The required functions are:

  • is_valid(base): expects one string input and returns True if the input value, base, is a valid base (A/C/G/T) and False for anything else.
  • gc_percent(gc, total): expects two integer inputs, the number of bases which are G or C and the total number of bases in the sequence, and returns a float percentage (between 0 and 100) representing the GC content of the sequence.

    For example, gc_percent(3,8) should return 37.5 (not 0.375).

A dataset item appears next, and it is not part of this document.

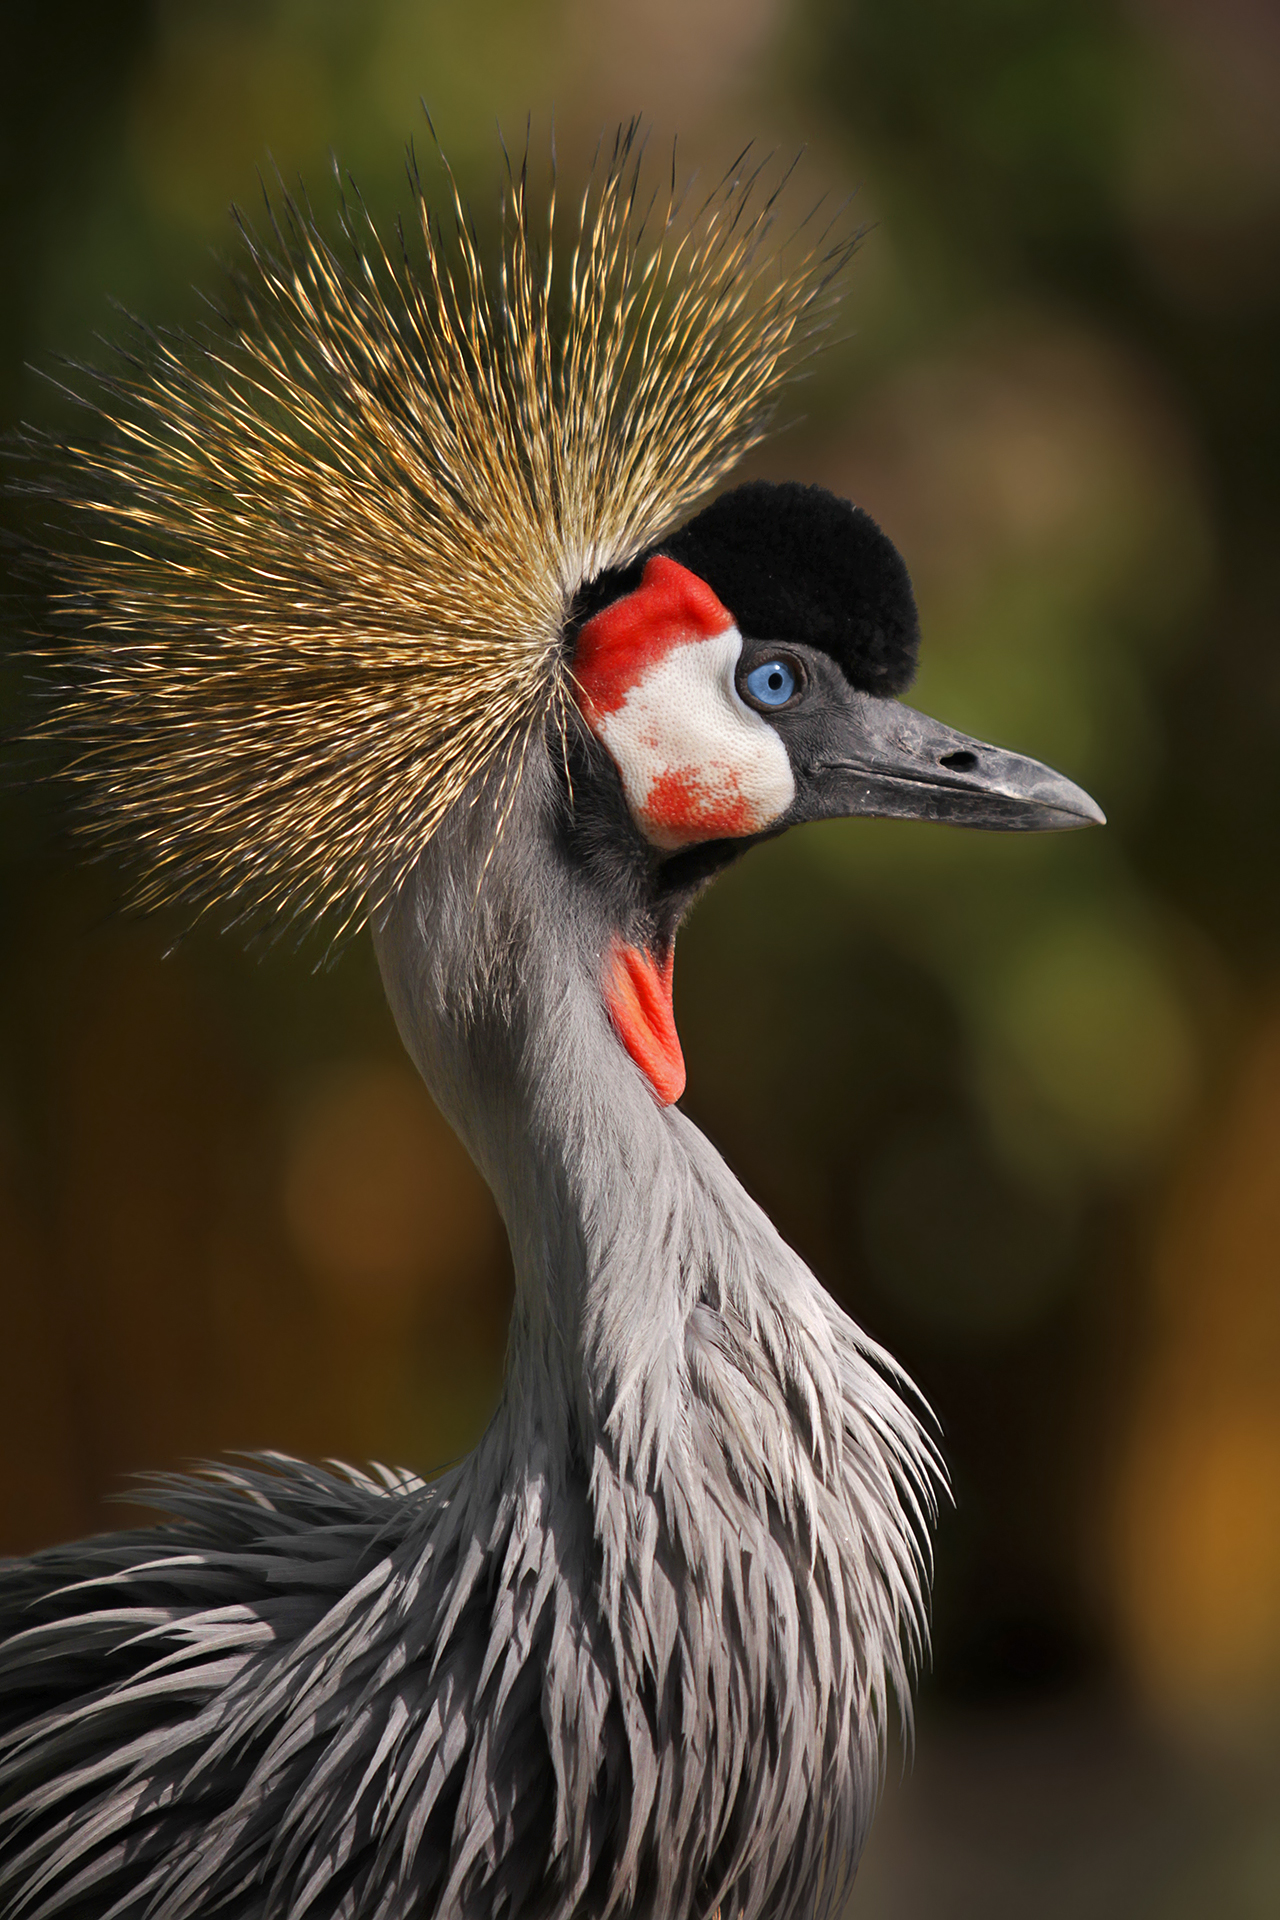 The great grey crowned crane...

You may implement other functions as you wish, but these two functions must be implemented exactly!

Step 1: Input

Begin by implementing and testing the is_valid(base) function - greet the user with the prompt, and enter a loop where you're continually getting user input and outputting whether it's valid or not:

Enter your sequence one base at a time.
A
True
G
True
k
False
T
True
C
True

Next, remove your testing output and start storing your input bases. Change your loop condition to detect when the user hits Enter without typing a base, and display the full sequence:

Enter your sequence one base at a time.
A
G
T
C
(enter)
DNA Sequence: AGTC

This might also be a good time to use your new is_valid(base) function to do some of the user input checking described above.

Step 2: Analysis

Now, implement your gc_content(gc,total) function. The function's contents are pretty straightforward, but calculating its input values will require a little more implementation on your part.

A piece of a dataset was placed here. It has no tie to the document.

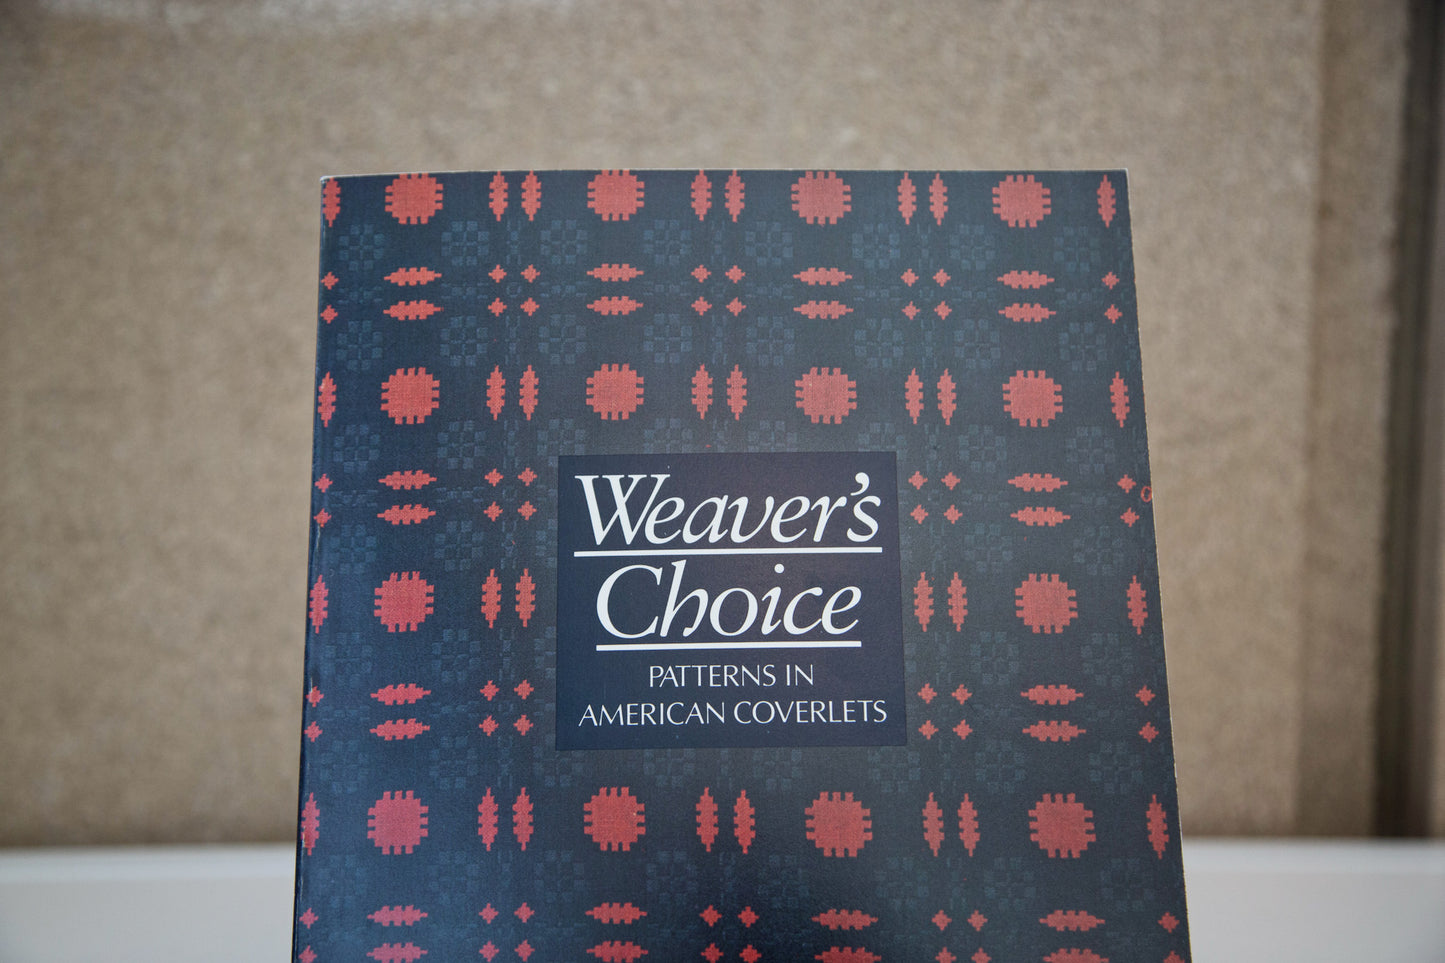 Closer image of cover of “Weaver’s Choice: Patterns in American Coverlets”.

This testing output (don't include this in your final program) might give you a hint, if you need one:

Enter your sequence one base at a time.
A
GC: 0
G
GC: 1
T
GC: 1
C
GC: 2
(enter)
DNA Sequence: AGTC
GC Content: 50.0%

Commenting your code

As with the previous assignment, some of your program points will come from commenting your code.

In addition to our file header from the previous section, add a 1-2 sentence description of the program and its function to the top of your code. For example, a good description comment for the triangles.py program from lab 1 might be something like:

########################################################################
#
# Lab 1: Heronian Triangles
#
# ======================================================================
#
# This program implements a formula for calculating the area of a triangle
# given its side lengths. Additionally, it will check whether the triangle 
# qualifies as "Heronian"; that is, the sides and area are all integers.
#
########################################################################

In addition, you should include comments within your code describing what you're doing. You don't need to comment on every line of code, but you should include comments as though you're walking the TA through your code. You can also use comments as I do in class, to create an outline for your code that you then fill in. (Consider my in-class commenting a lower bound of how frequently you should comment.)

Submitting your files

As usual, you'll be handing in your lab work via the course Learn@UW dropboxes. Navigate to our 301 course page, and click the Dropbox link in the top navigation bar. You should see a dropbox for Program 3 - this is where you should hand in your dna_analysis.py file.

If you worked in a pair, only one person will need to hand in the code.

Note that the dropbox will close at noon on 18 February, so be sure to submit your files before then.

Midterm Review Questions

This part of the assignment is ungraded, but we'll be talking about the questions in class on 17 February. I recommend working through the problems on your own first, but you may collaborate with as many people as you want (since this part is just for you and doesn't count toward your grade).

> REVIEW QUESTIONS <

This is not intended to be similar to the length of a full exam, but questions are of comparable difficulty to the questions you will encounter on the exam.